Твой друг и поэт Эдуард Асадов!

1989 г.

ДУМА О СЕВАСТОПОЛЕ

Я живу в Севастополе. В бухте Омега,

Там, где волны веселые, как дельфины,

На рассвете, устав от игры и бега,

Чуть качаясь, на солнышке греют спины…

Небо розово-синим раскрылось зонтом,

Чайки, бурно крича, над водой снуют,

А вдали, пришвартованы к горизонту,

Три эсминца и крейсер дозор несут.

Возле берега сосны, как взвод солдат,

Чуть качаясь, исполнены гордой пластики,

Под напористым бризом, построясь в ряд,

Приступили к занятию по гимнастике.

Синева с синевой на ветру сливаются,

И попробуй почувствовать и понять,

Где небесная гладь? Где морская гладь?

Все друг в друге практически растворяется.

Ах, какой нынче добрый и мирный день!

Сколько всюду любви, красоты и света!

И когда упадет на мгновенье тень,

Удивляешься даже: откуда это?!

Вдруг поверишь, что было вот так всегда.

И, на мужестве здесь возведенный, город

Никогда не был злобною сталью вспорот

И в пожарах не мучился никогда.

А ведь было! И песня о том звенит:

В бурях войн, в свистопляске огня и стали

Здесь порой даже плавился и гранит,

А вот люди не плавились. И стояли!

Только вновь встал над временем монолит –

Нет ни выше, ни тверже такого взлета.

Это стойкость людская вошла в гранит,

В слово Честь, что над этой землей звенит,

В каждый холм и железную волю флота!

Говорят, что отдавшие жизнь в бою

Спят под сенью небес, навсегда немые,

Но не здесь! Но не в гордо-святом краю!

В Севастополе мертвые и живые,

Словно скалы, в едином стоят строю!

А пока тихо звезды в залив глядят,

Ветер пьян от сирени. Теплынь.
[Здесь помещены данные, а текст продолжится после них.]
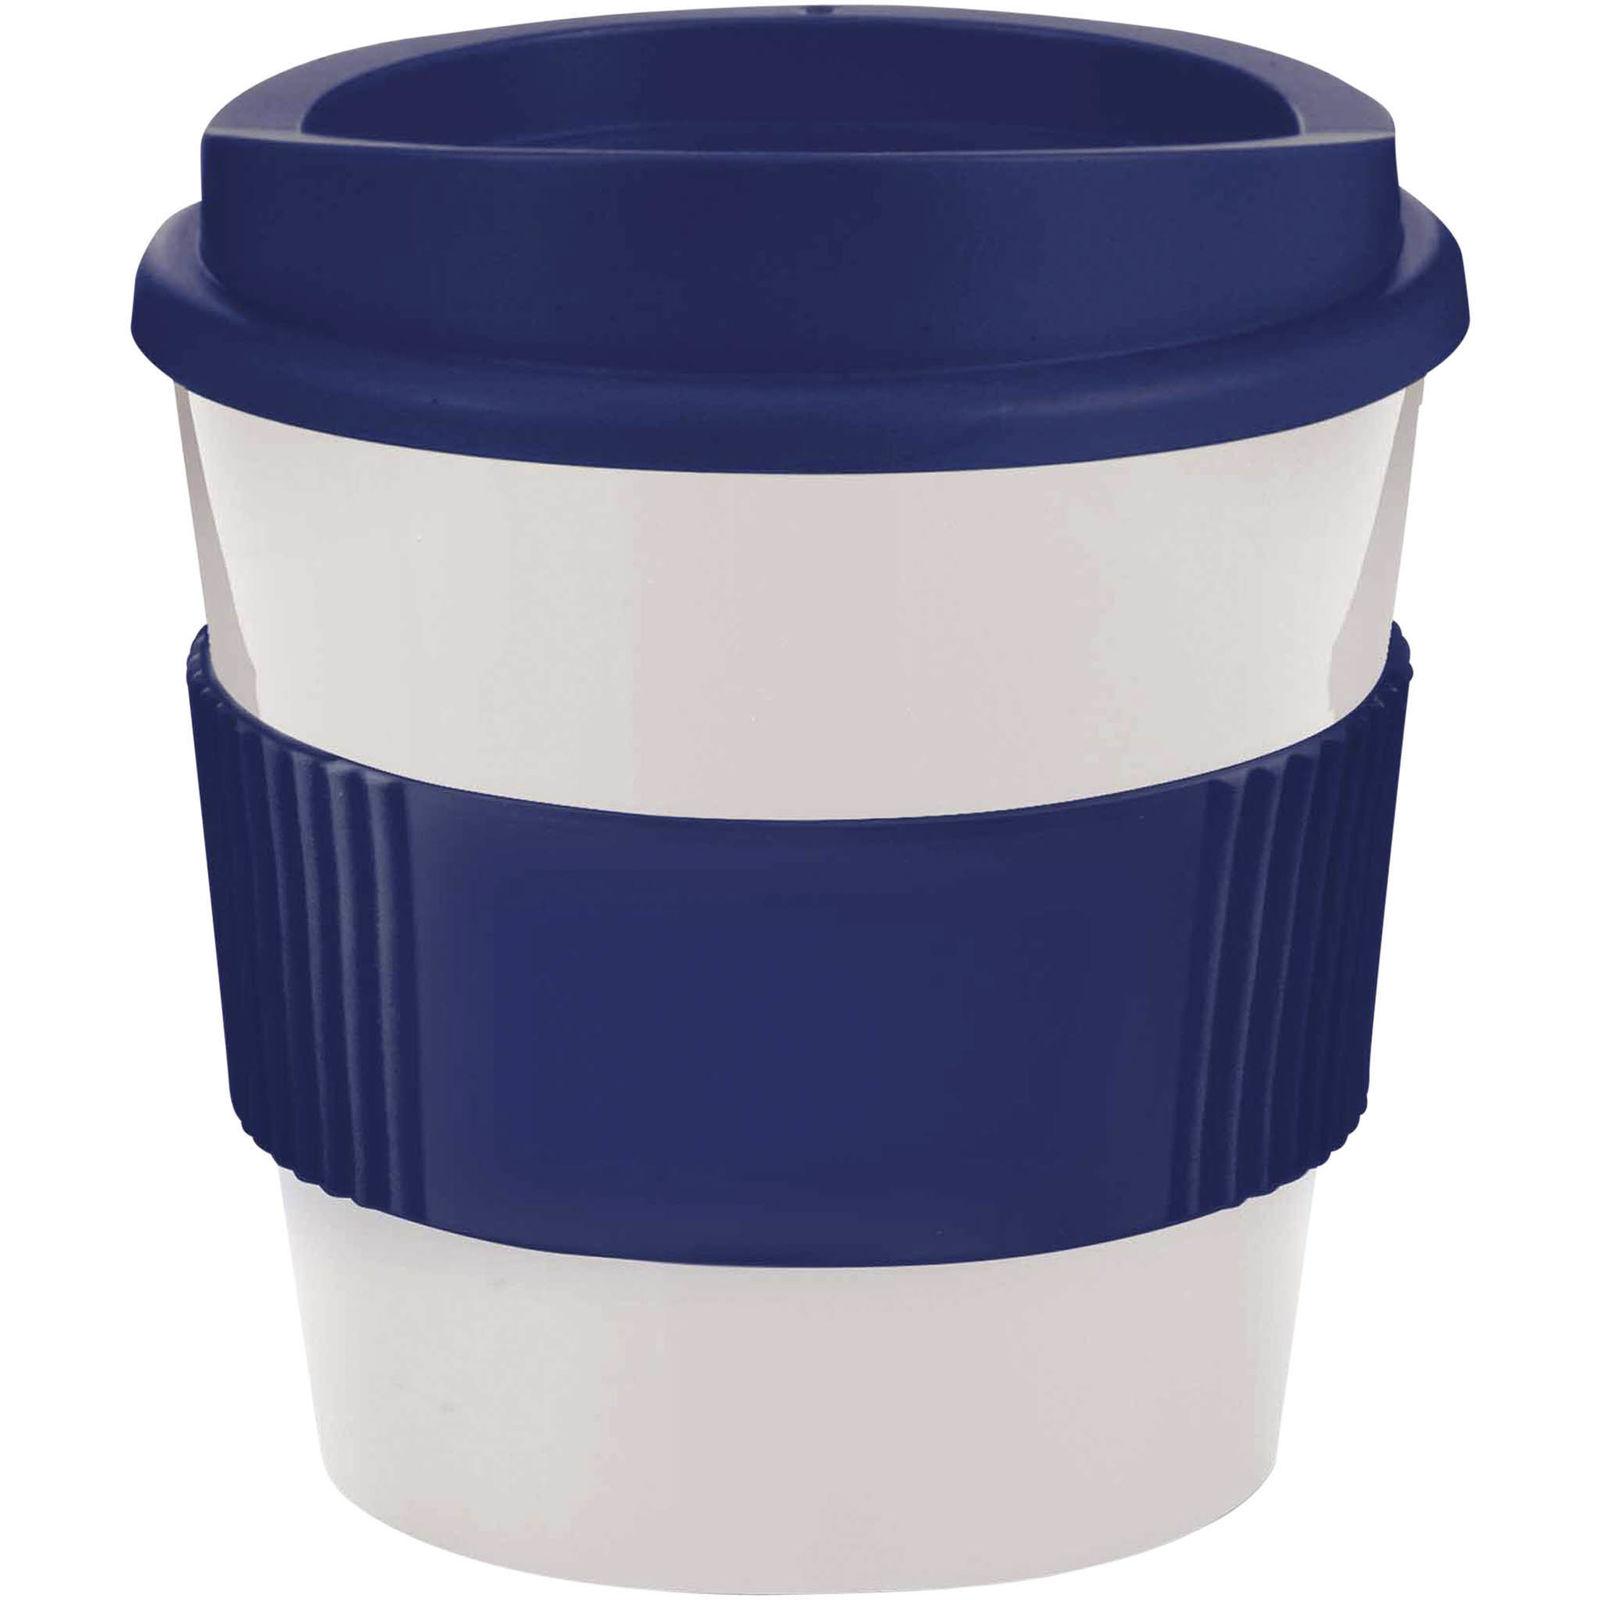 Mugs Mug Primo PublicitaireAmericano Mug Personnalisés Mugs PublicitaireAmericano Primo ymPvN0O8wn

Экзотика!

В лунных бликах цикады, снуя, трещат,

Словно гномы, порхая на самолетиках…

Вот маяк вперил вдаль свой циклопий взгляд…

А в рассвете, покачивая бортами,

Корабли, словно чудища, важно спят,

Тихо-тихо стальными стуча сердцами…

Тополя возле Графской равняют строй,

Тишина растекается по бульварам.

Лишь цветок из огня над Сапун-горой

Гордо тянется в небо, пылая жаром.

Патрули, не спеша, по Морской протопали,

Тают сны, на заре покидая люд…

А над клубом матросским куранты бьют

Под звучание гимна о Севастополе.

А в Омеге, от лучиков щуря взгляд,

Волны, словно ребята, с веселым звоном,

С шумом выбежав на берег под балконом,

Через миг, удирая, бегут назад.

Да, тут слиты бесстрашие с красотой,

Озорной фестиваль с боевой тревогой.

Так какой это город? Какой, какой?

Южно-ласковый или сурово-строгий?

Севастополь! В рассветном сияньи ночи,

Что ответил бы я на вопрос такой?

Я люблю его яростно, всей душой,

Значит, быть беспристрастным мне трудно очень.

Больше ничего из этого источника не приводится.